### Task prompt
Restate the whole of the data below word for word, skipping the images.

### Information provided
# # #
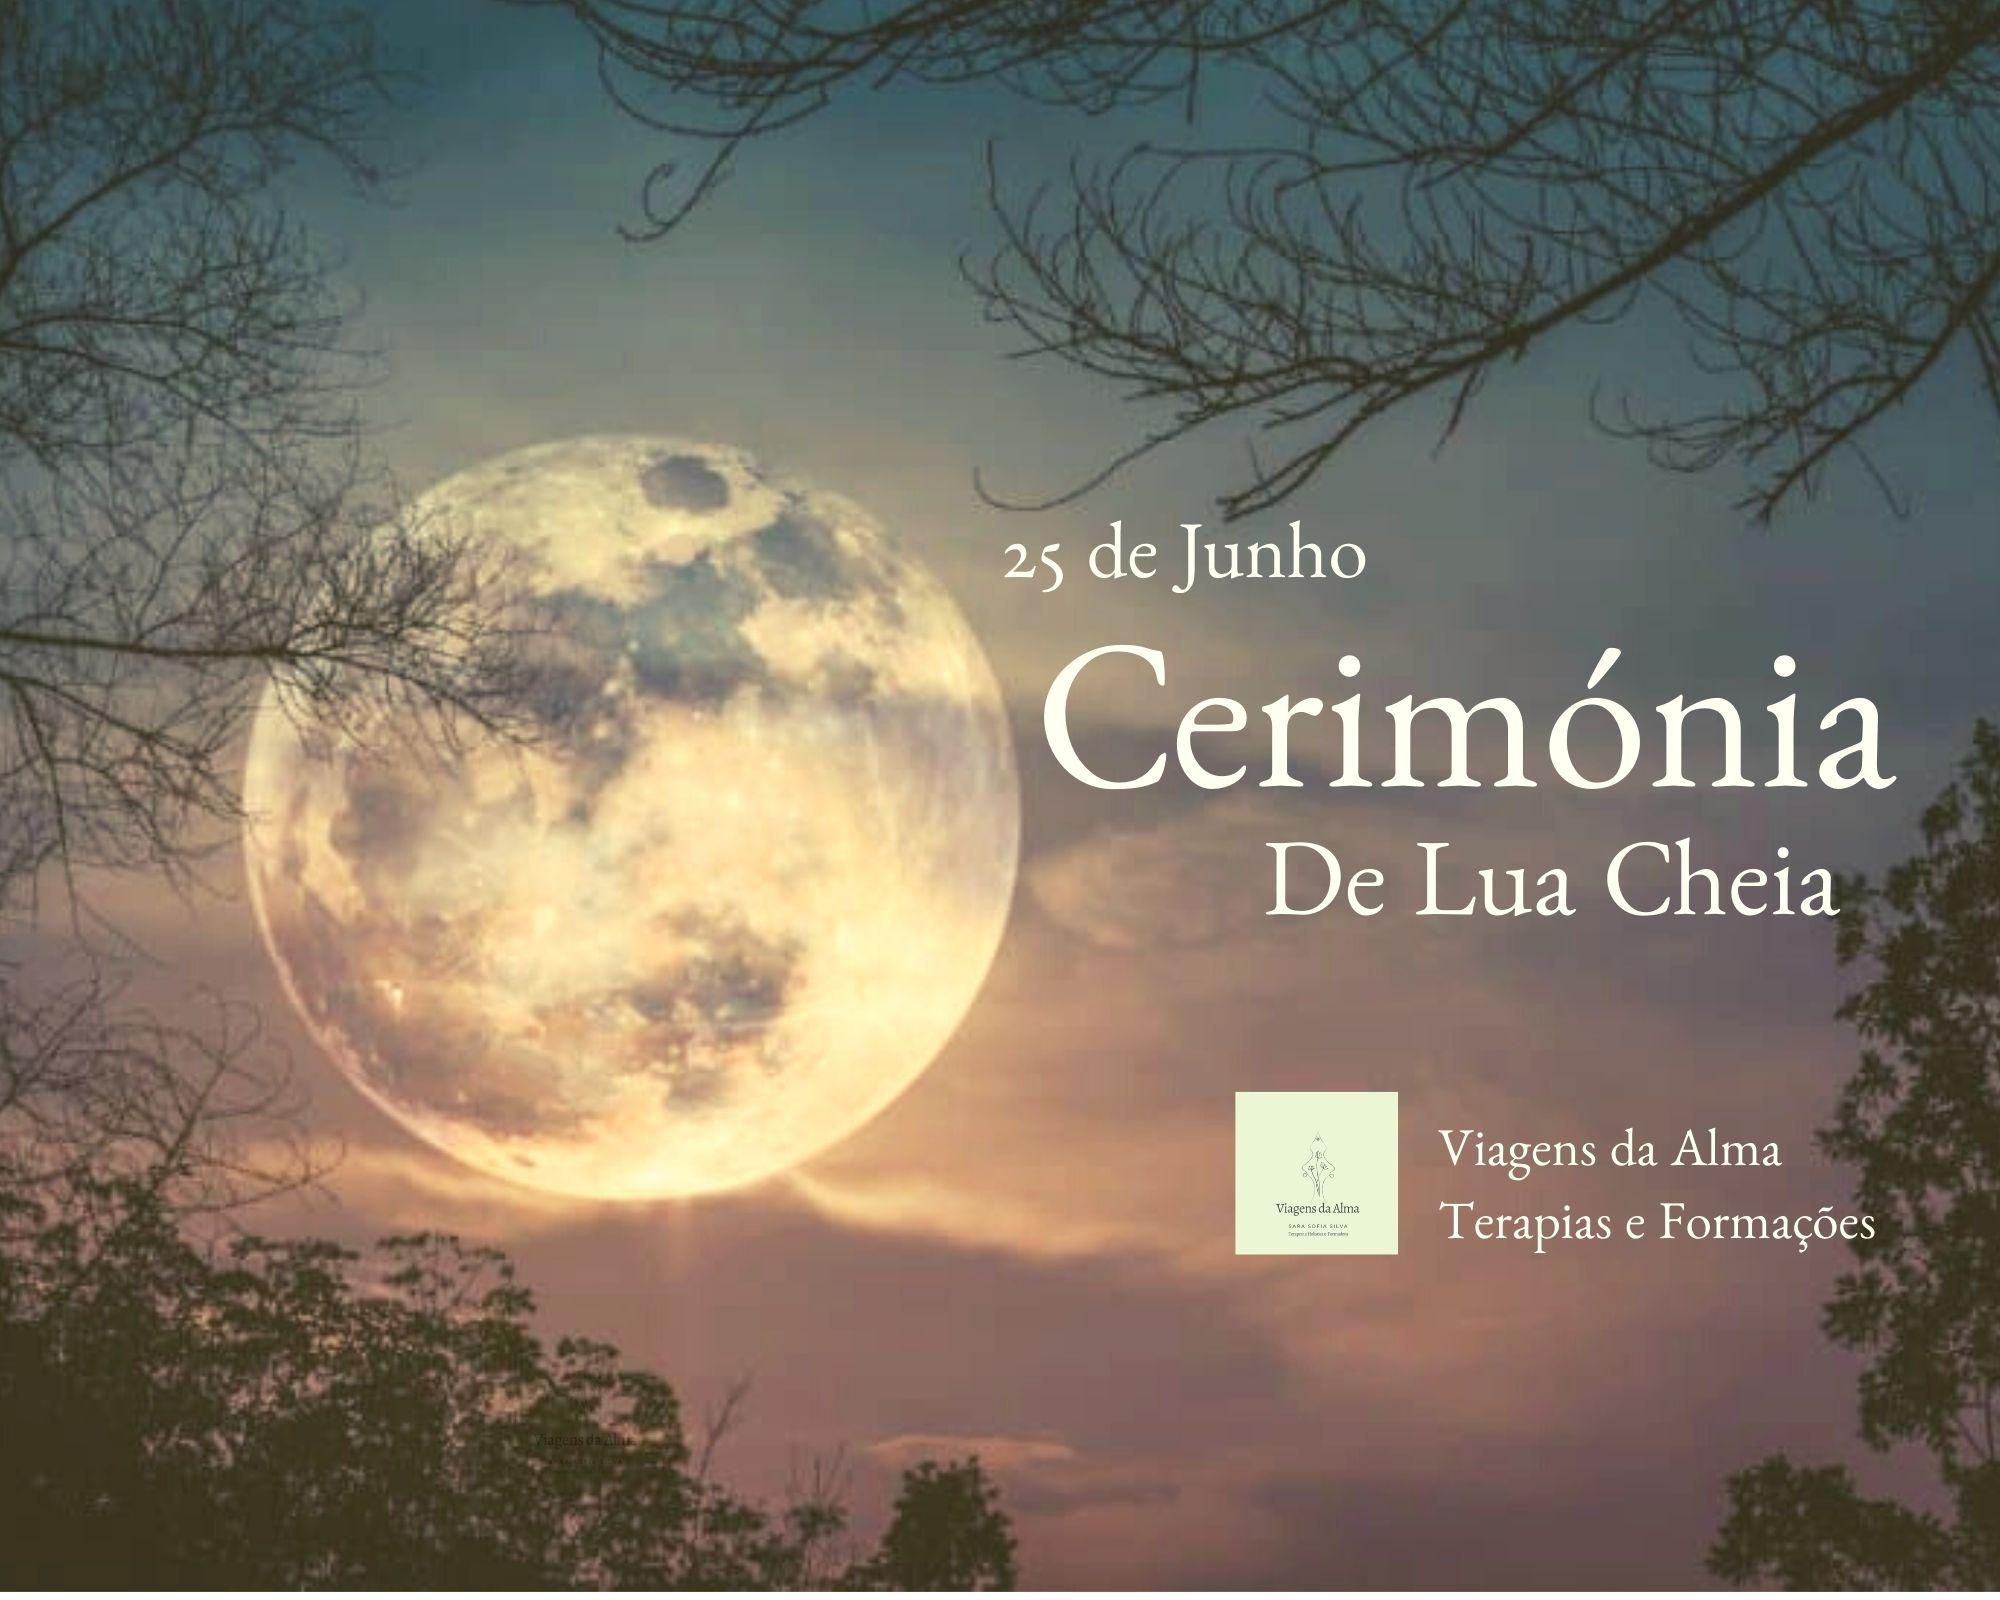 Cerimónia Da Lua Cheia - Litha
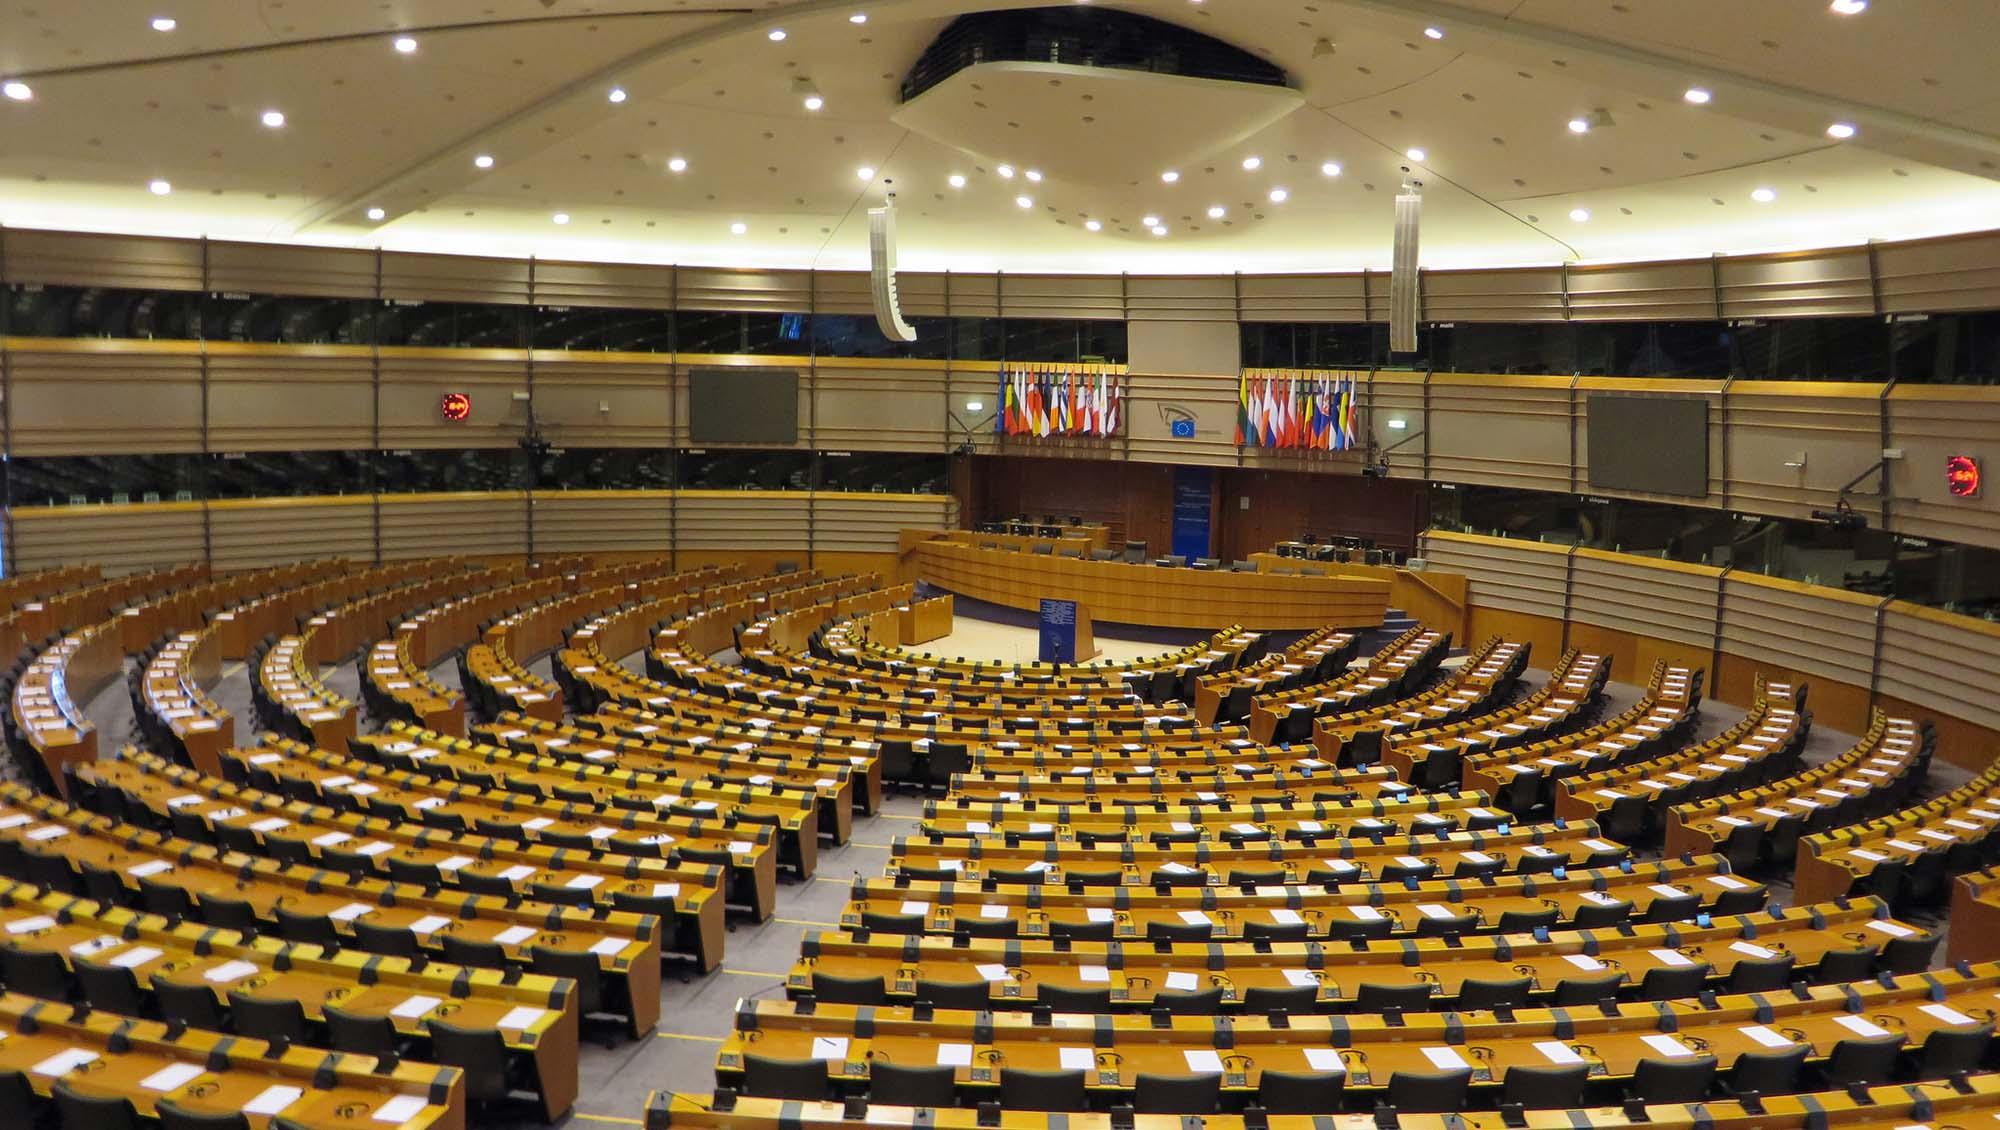 L'UE a caché une étude aux conclusions optimistes — Piratage
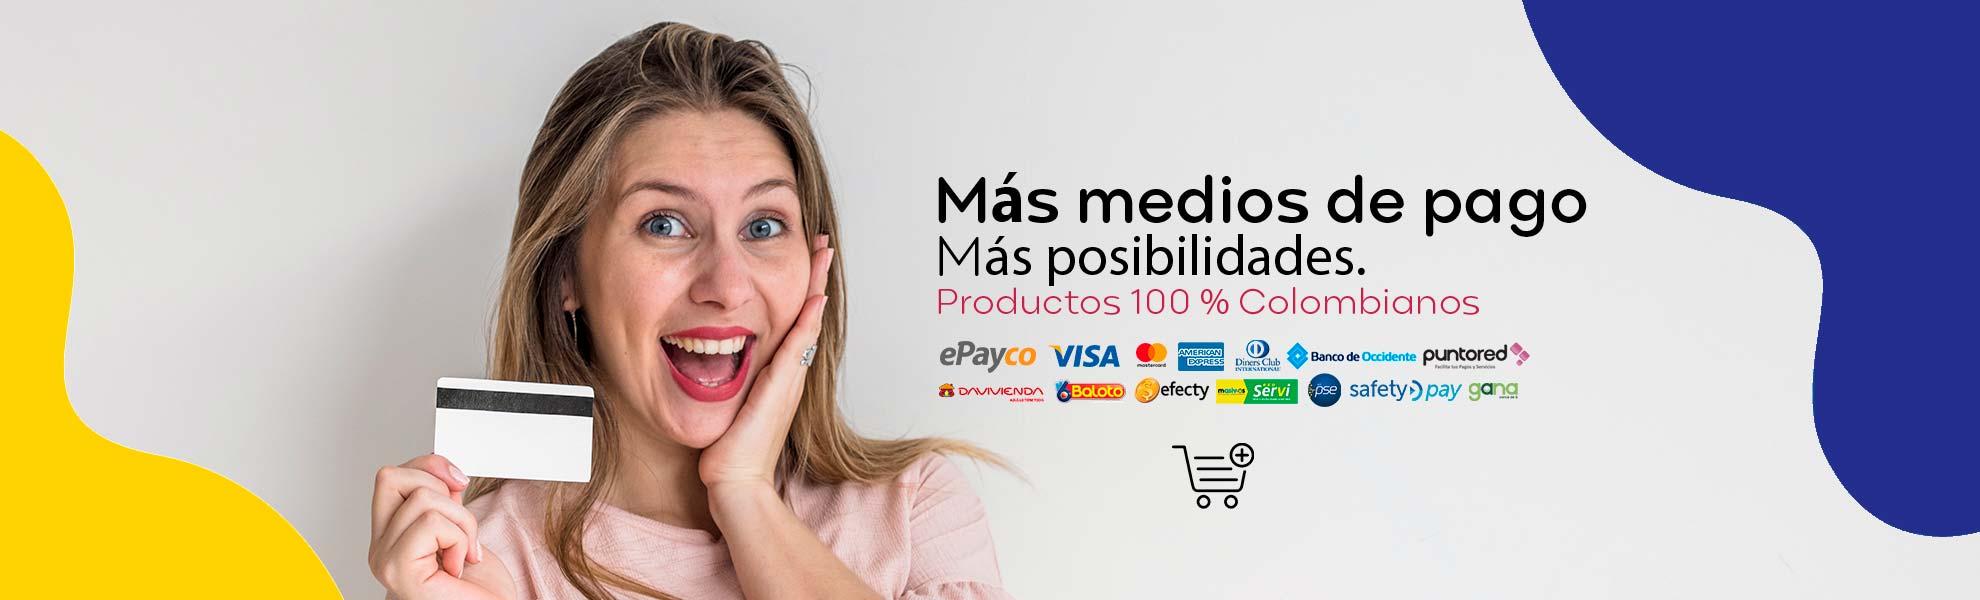 Banner-metodos-de-pago
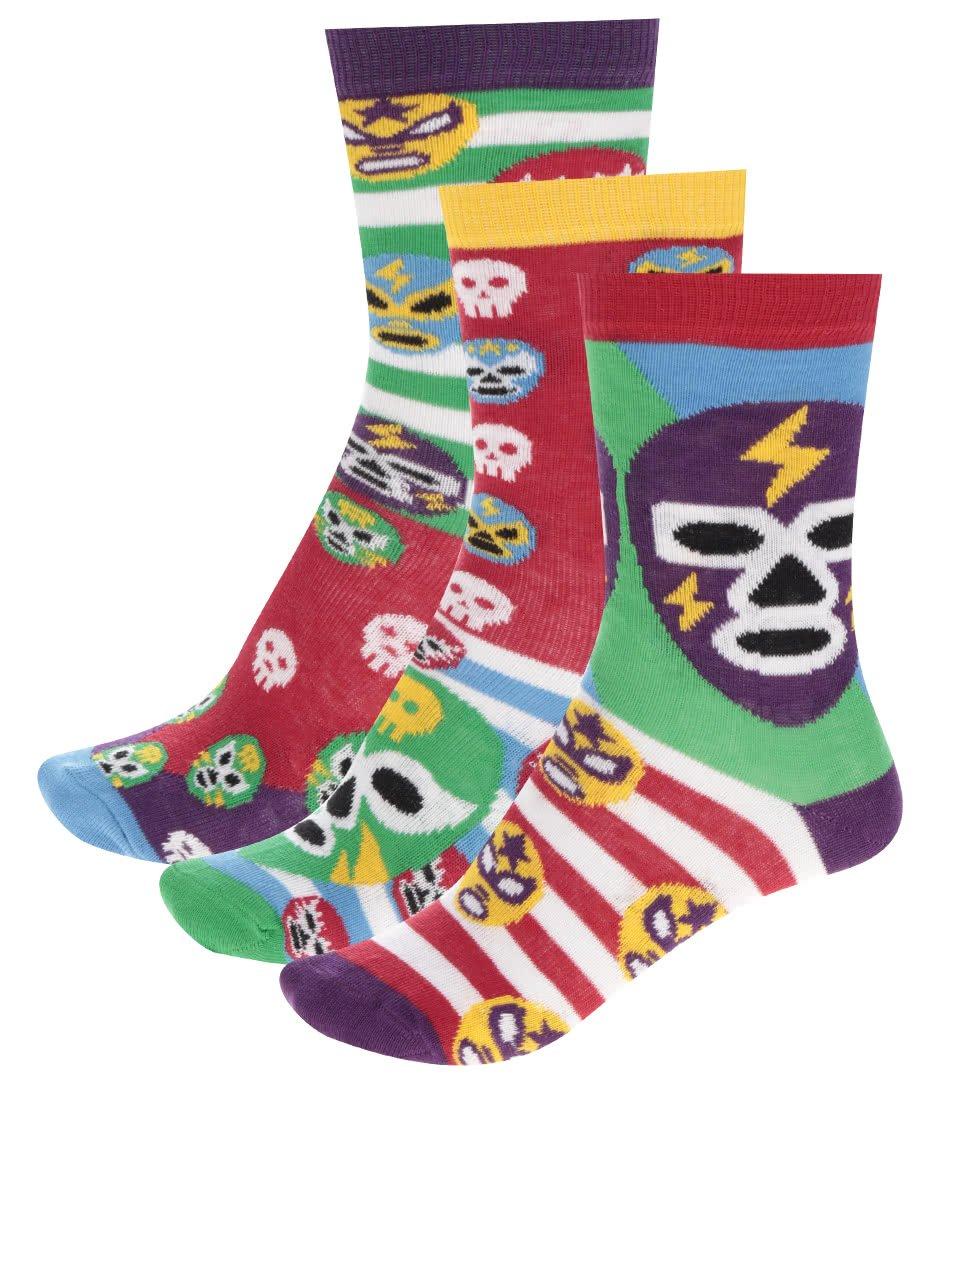 Sada  klučičích ponožek s motivem lebek a masek Oddsocks Mask
# # #
### Exercise response
 Cerimónia Da Lua Cheia - Litha
 L'UE a caché une étude aux conclusions optimistes — Piratage
 Banner-metodos-de-pago
 Sada  klučičích ponožek s motivem lebek a masek Oddsocks Mask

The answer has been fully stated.